Em Homens de Preto, uma galeria de extraterrestres divertidos como nunca se viu nas telas
Okky de Souza
A história é tão velha quanto o cinema: os extraterrestres estão chegando, são pavorosos, comem criancinhas e vão destruir a Terra. Salve-se quem puder. Mas essa história nunca foi contada como em Homens de Preto (Men in Black, Estados Unidos, 1997), em cartaz em circuito nacional a partir desta sexta-feira. O filme, dirigido por Barry Sonnenfeld (A Família Addams 1 e 2, O Nome do Jogo), é uma excelente comédia, dessas de rolar de rir. Quando o humor não está em cena, é também uma raridade no cinema atual: mistura ação, perseguições policiais e violência sem repisar os clichês do gênero. Tudo isso se torna possível porque jamais houve alienígenas como os que passeiam pela tela em Homens de Preto. Esqueçam-se os marcianos desengonçados de Marte Ataca ou o monstrengo ultra-high tech de O Predador. Charmoso e engraçado como os ETs de Sonnenfeld só mesmo aquele que voava de bicicleta e, em 1982, transformou Steven Spielberg no diretor mais bem-sucedido de Hollywood. Spielberg, por sinal, é o produtor executivo de Homens de Preto, embora tenha apenas emprestado seu nome aos créditos para que os produtores pudessem engordar o orçamento para 90 milhões de dólares.
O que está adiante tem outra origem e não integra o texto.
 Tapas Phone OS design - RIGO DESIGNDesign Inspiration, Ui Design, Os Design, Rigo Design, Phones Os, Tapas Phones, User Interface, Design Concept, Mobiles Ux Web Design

O triunfo de Homens de Preto se deve em grande parte à atuação de seus protagonistas, Tommy Lee Jones e Will Smith. Lee Jones, conhecido por personagens durões como os que representou em O Fugitivo e Batman Eternamente, é aquele tipo de ator, como Marlon Brando, que consegue atuações empolgantes sem mexer sequer um músculo da face. Smith, dublê de ator e cantor de rap, é um dos nomes mais festejados do cinema desde que atuou em Independence Day, no ano passado. Seu estilo de atuação é oposto ao de Lee Jones. Careteiro, é capaz de arrancar risadas do público com um simples erguer de sobrancelhas. Ambos andam às voltas com extraterrestres que vivem na Terra disfarçados. Um deles é um cão miniboxer que fala pelos cotovelos. Outro é um velhinho simpático que trabalha numa joalheria e leva a tiracolo um gatinho suspeito. Um terceiro é um mexicano que tenta entrar ilegalmente nos Estados Unidos (deu-se mal: nem sabia falar espanhol). Todos eles, por baixo da pele (ou do pêlo), são na verdade seres do espaço horrorosos e cheios de más intenções. Ou melhor: quase todos. Há aqueles colaboracionistas, amigos dos terrenos e que às vezes nem precisam disfarçar-se. Como as simpáticas lombrigas que servem cafezinhos e roscas açucaradas a seus patrões humanos. De qualquer maneira, todos eles se envolvem em situações muito engraçadas. Todos os monstrinhos foram criados por Rick Baker, o mesmo que desenhou os bonecos da série Gremlins. Os efeitos especiais são assinados pela Industrial Light & Magic, o estúdio de George Lucas.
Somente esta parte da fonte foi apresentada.